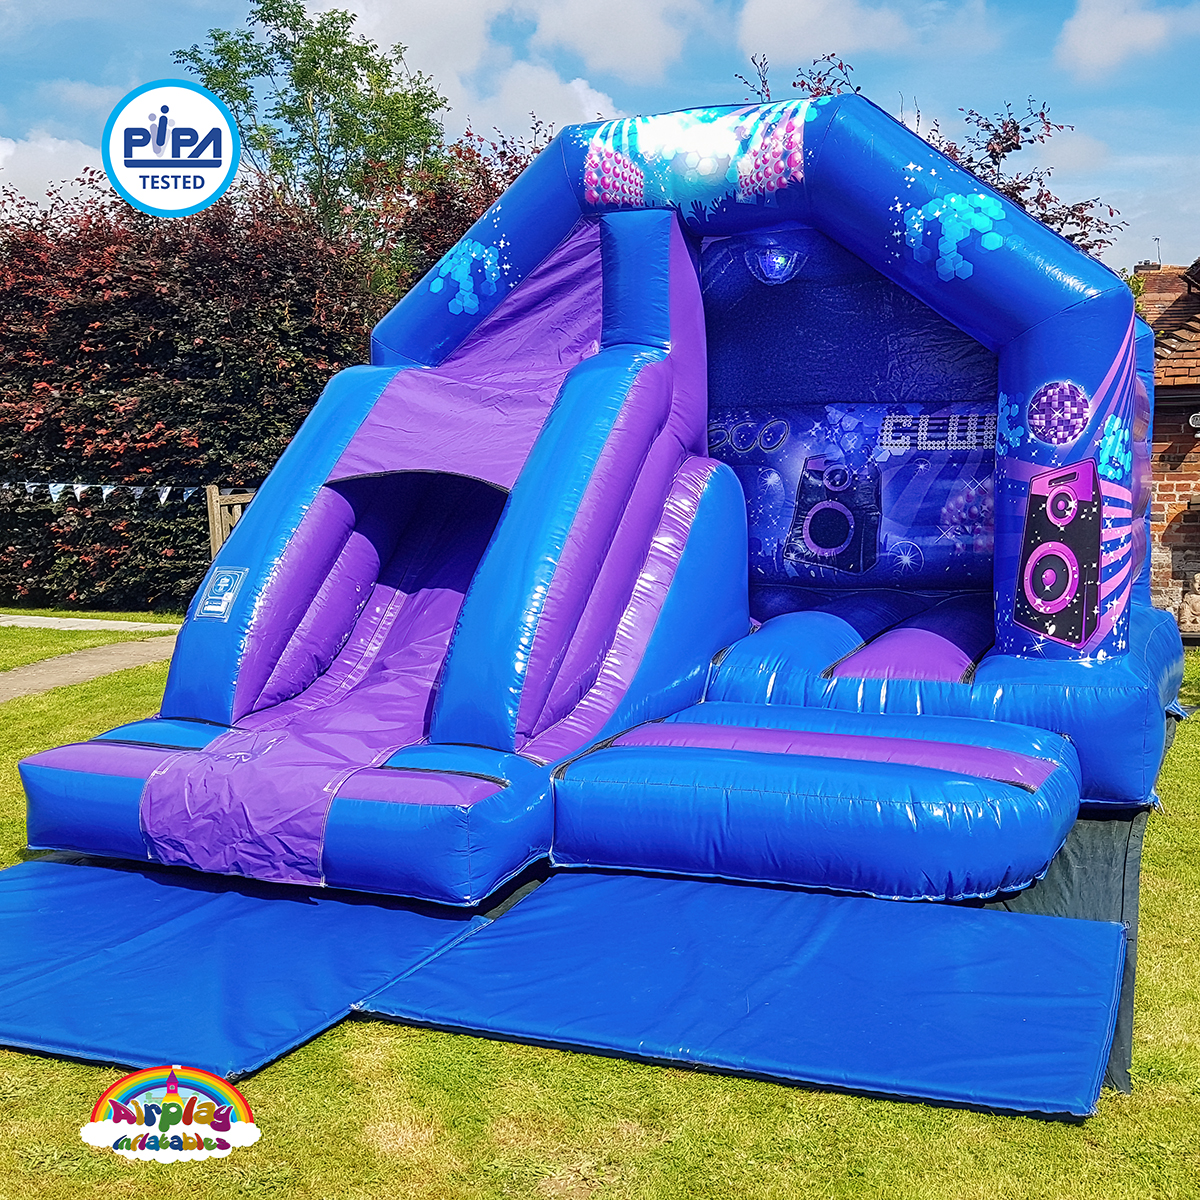 Disco bouncy castle hire
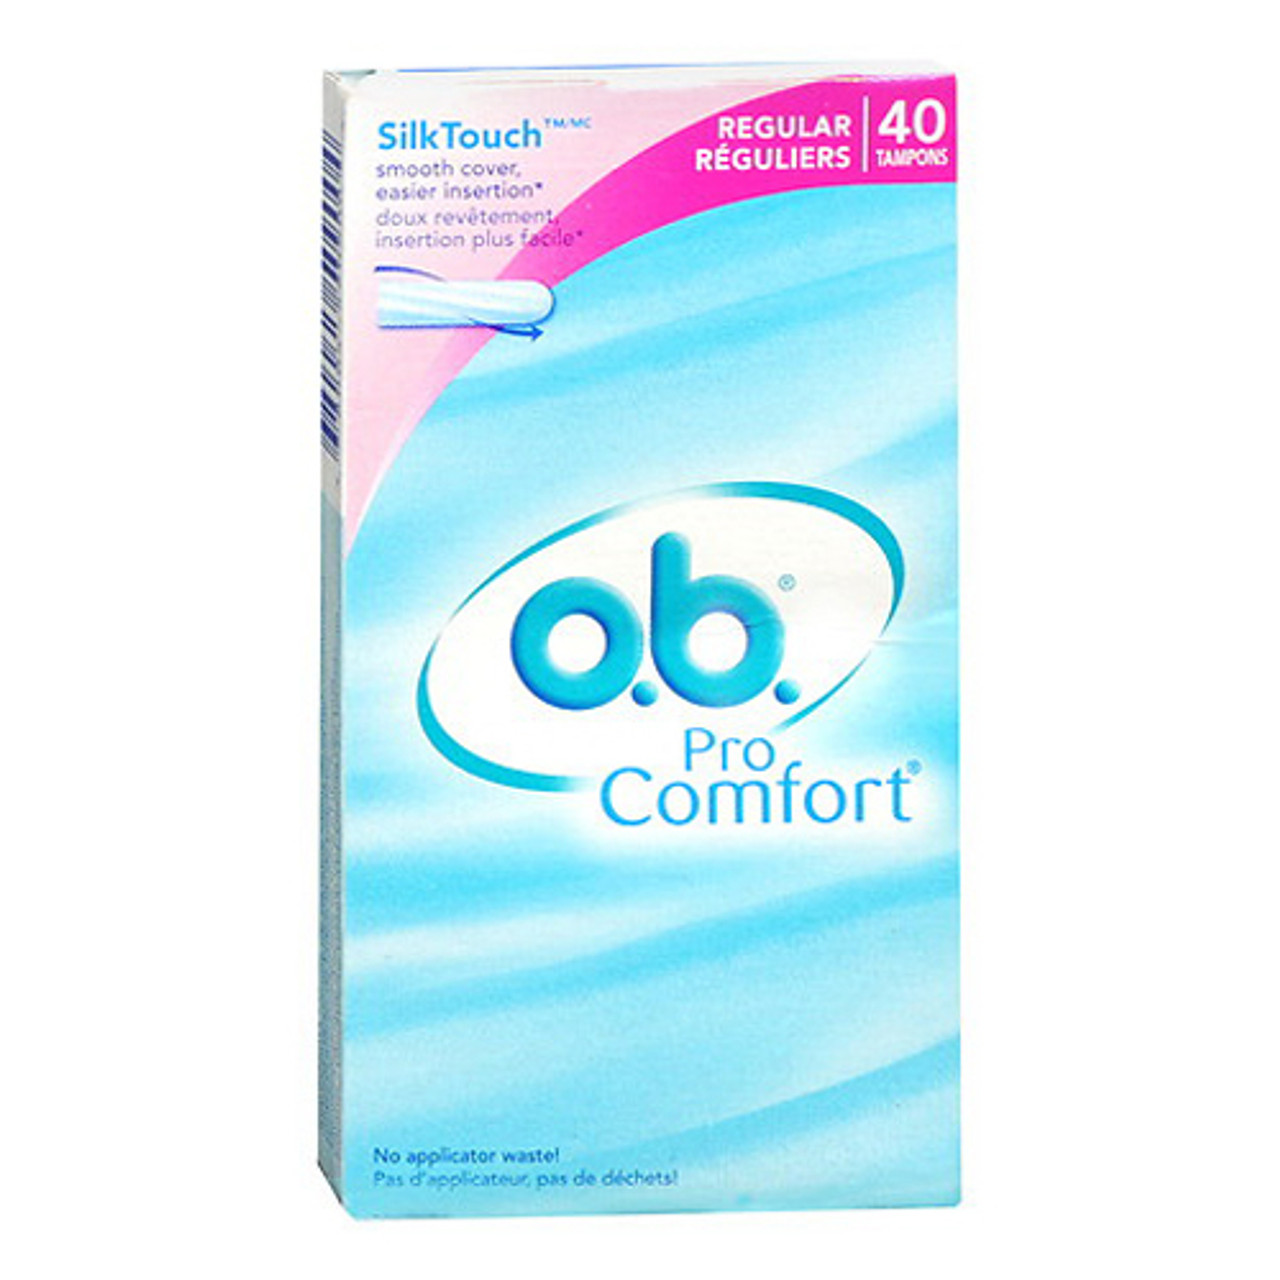 Pro Comfort Silk Touch Cover Regular, 40 Ea - myotcstore.com
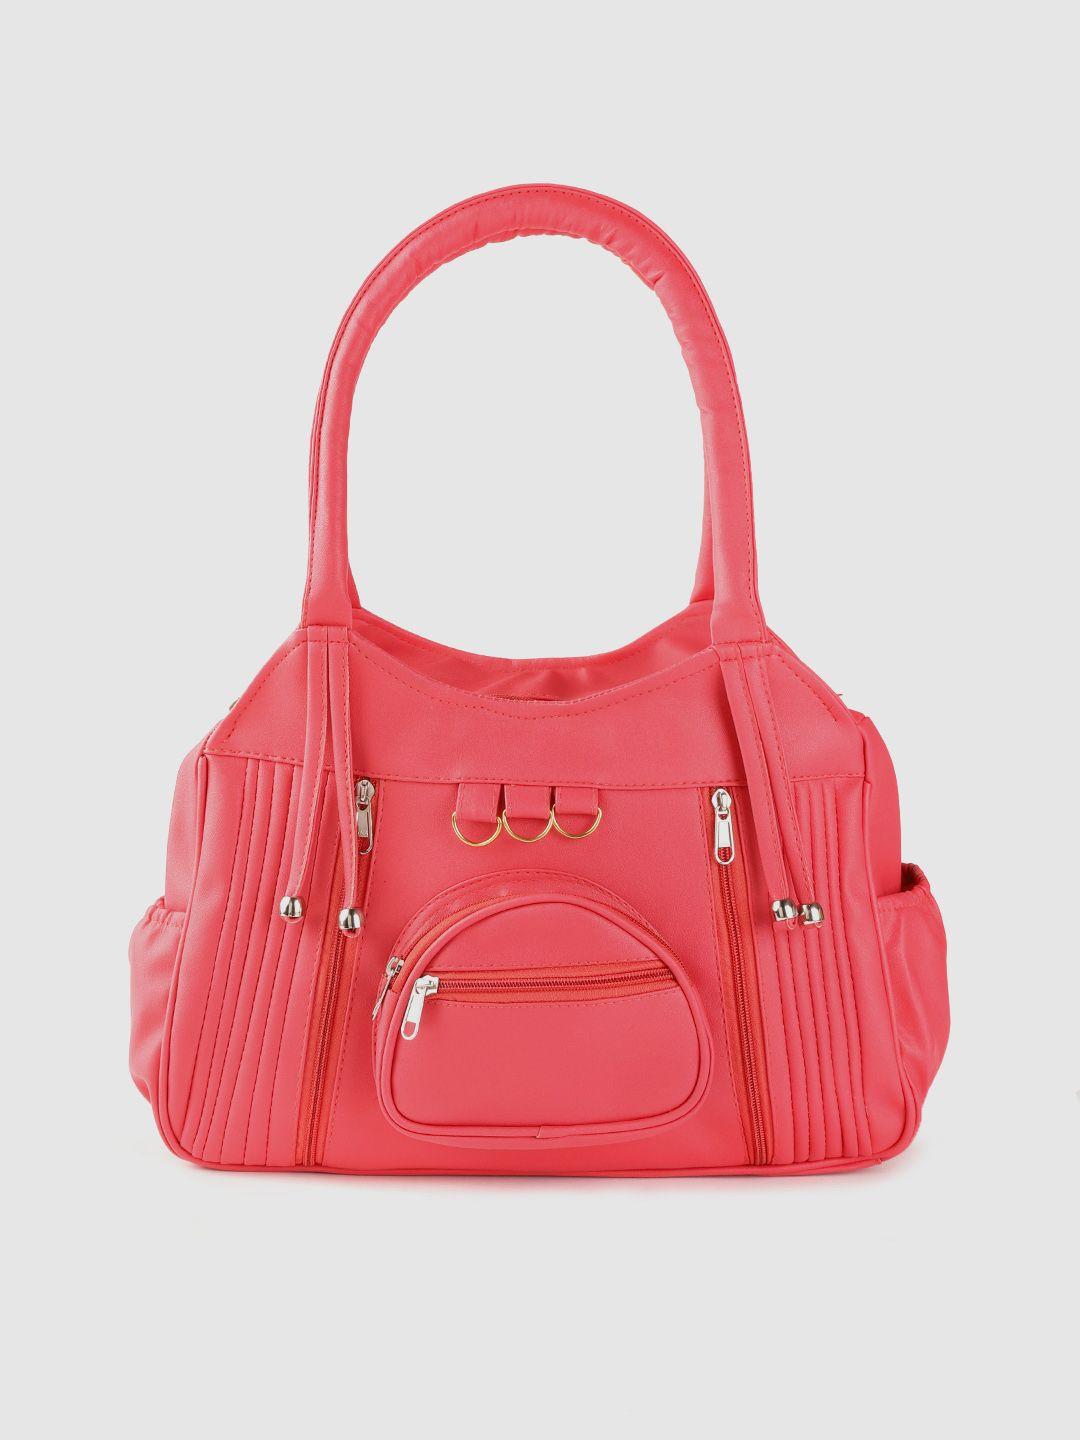 leather retail pink structured shoulder bag
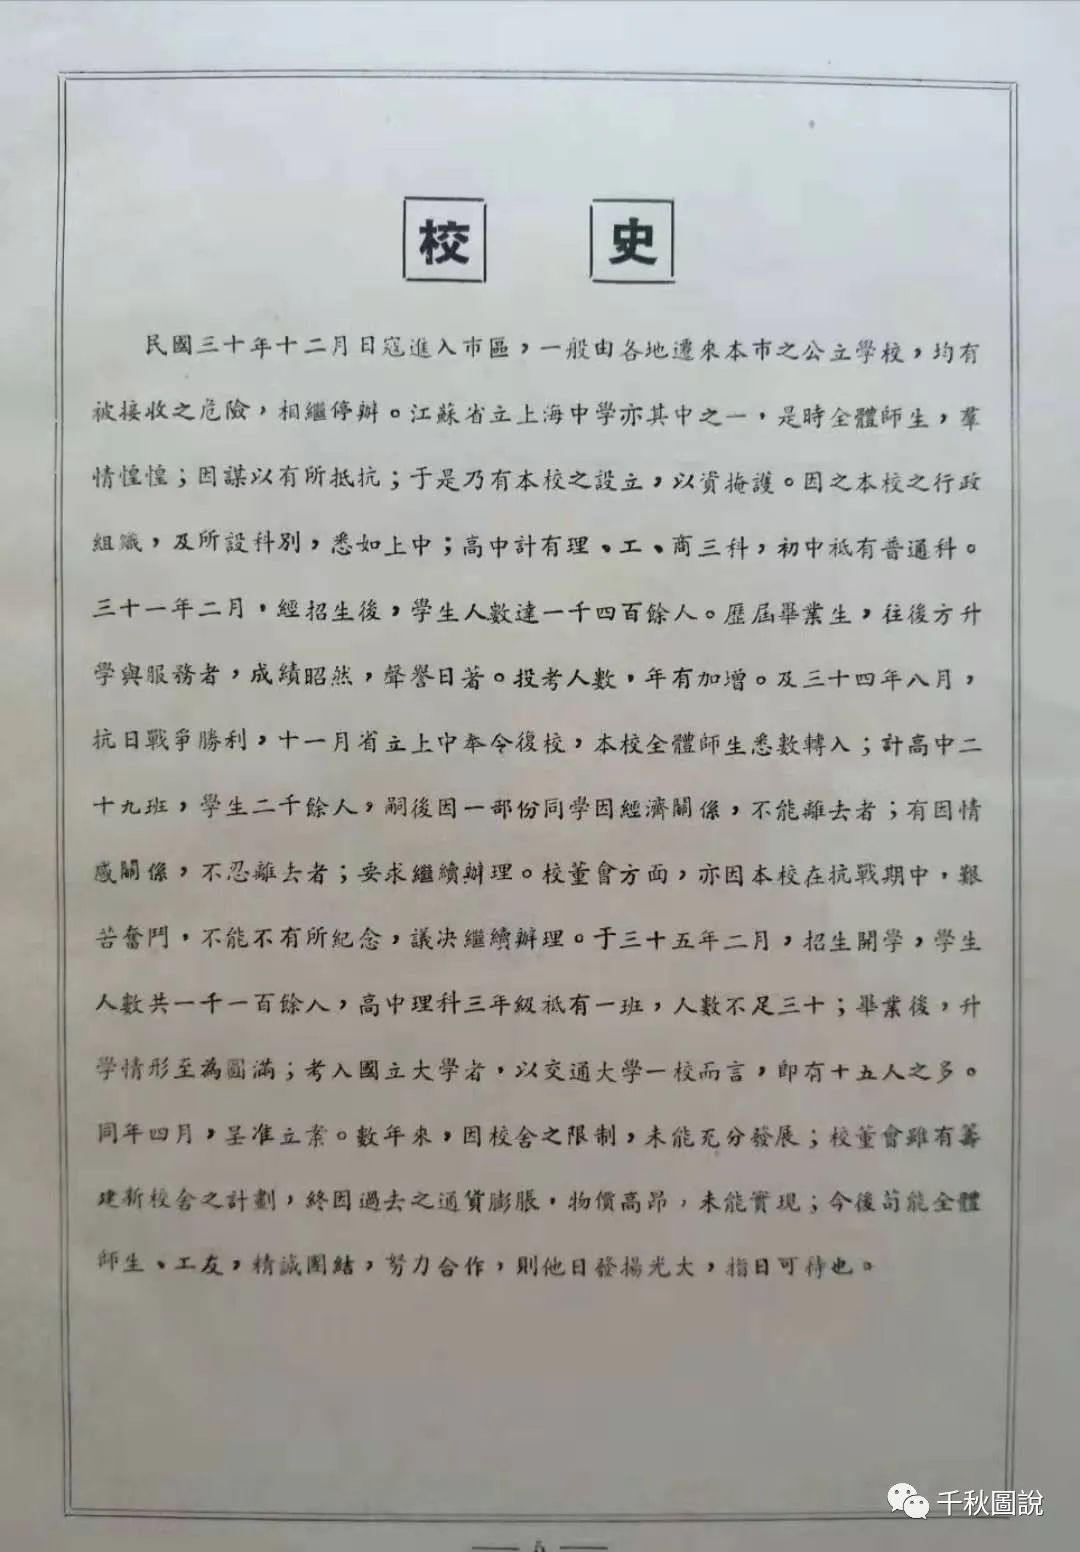 沪新中学一九四九年毕业纪念刊 千秋圖說 微信公众号文章阅读 Wemp
= = = =
What you give back must be exactly the lines of the listing above from the line containing "leather retail pink structured shoulder bag" through its last line, inclusive, without pictures, please.

(The completed task)
 leather retail pink structured shoulder bag
 沪新中学一九四九年毕业纪念刊 千秋圖說 微信公众号文章阅读 Wemp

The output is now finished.